I'm surprised everyone is saying it's clear, because I think it's sort of vague, so maybe someone can talk me out of it. :)

If I build a service that lets customers define object types by dragging form widgets, and I turn that into a CRUD app backed by CockroachDB, and they just get to pick a CSS template and occasionally get Excel dumps, are they controlling the schema? They don't write any SQL, they certainly don't ever type or see the words CREATE TABLE, but internally I create a table for each of their types with a schema generated from their input, does that count?

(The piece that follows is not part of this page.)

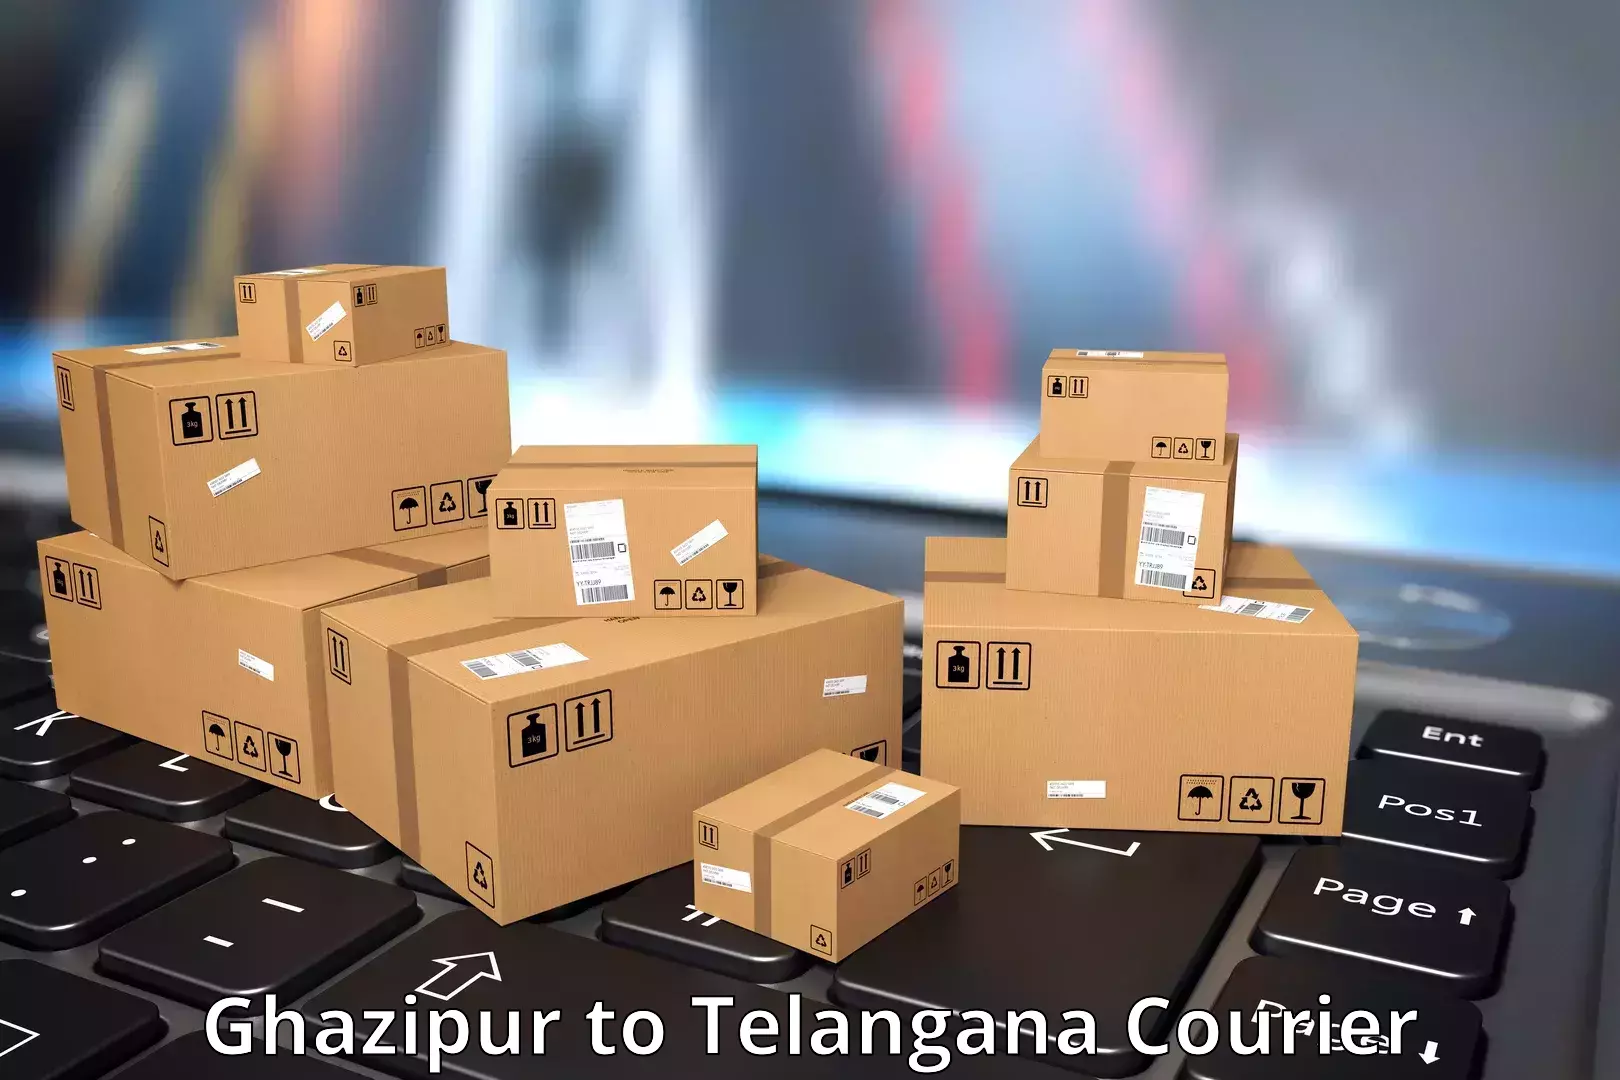 Customer-centric shipping Ghazipur to Madnoor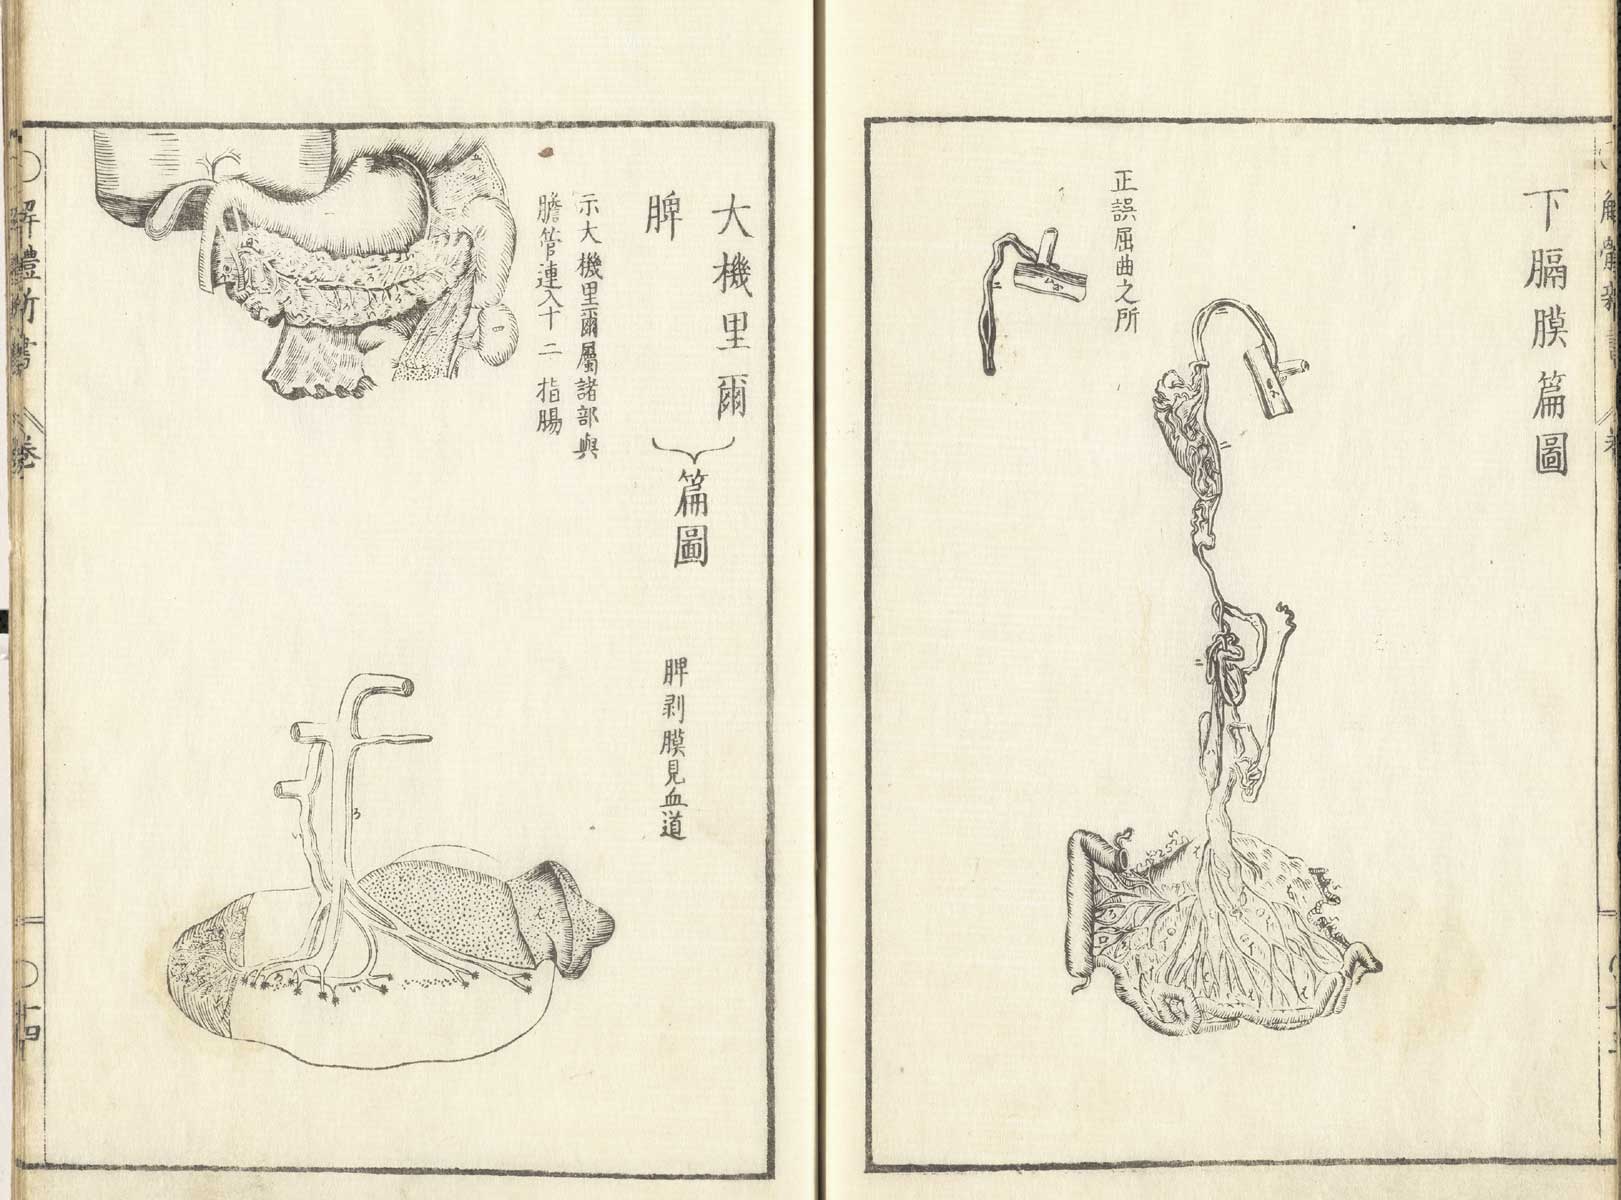 Pages 13 and 14 of Johann Adam Kulmus' Kaitai shinsho. Page 13 is an illustration of the venous system of the abdominal cavity. Page 14 are two illustrations of the abdominal cavity organs.

Someone else asked about hiring a sysadmin consulting service. If I go to them and say, "Hey, my consulting firm will install and maintain your production servers, pay us $N/hour for routine changes and $kN/hour to page us," but they have their own developers who write code and can cobble together dev infra if needed, can they choose to use CockroachDB? In my reading of the license, they have the right to make it available to us as their contractor, but we don't have the right to download and install it and make it available to them for them (or us!) to run their CREATE TABLE statements on.

(I appreciate that edge cases are hard, and that while "just leave it open source" provides easy answers to these questions, it obviously brings other difficulties that you care about avoiding!)

geofft|6 years ago

Here's another one: if I run some website that's backed by Cockroach and has its own source code available publicly for pull requests (think Reddit until a few years ago, etc.), and one of my customer sends me a pull request that changes a schema in order to implement a feature they care about, does that count?

bdarnell|6 years ago

I'd like to thank our friends at TimescaleDB for the idea to use schema control as the dividing line (they're doing the same thing in their license)

mfreed|6 years ago

Thanks, @bdarnell!

We at TimescaleDB spent a lot of time thinking about how to best express this dividing line in a manner concretely understandable by engineers. Glad to see others starting to take a similar approach.

easel|6 years ago

As a startup founder and CTO who has had to deal with getting (or not getting) such licenses through legal, I really appreciate the clarity of definition here. Typically the language tends to be vague around "derivative works as a service" which conservative lawyers treat as a risk.

Well done.

amenod|6 years ago

Genius! Very clear line!

I wish you all the luck on this endeavour, I really believe the time has come to move a bit away from strict open-source.

rolleiflex|6 years ago

This is well thought-out. Thanks for the clear line.

phonon|6 years ago

That's an excellent approach.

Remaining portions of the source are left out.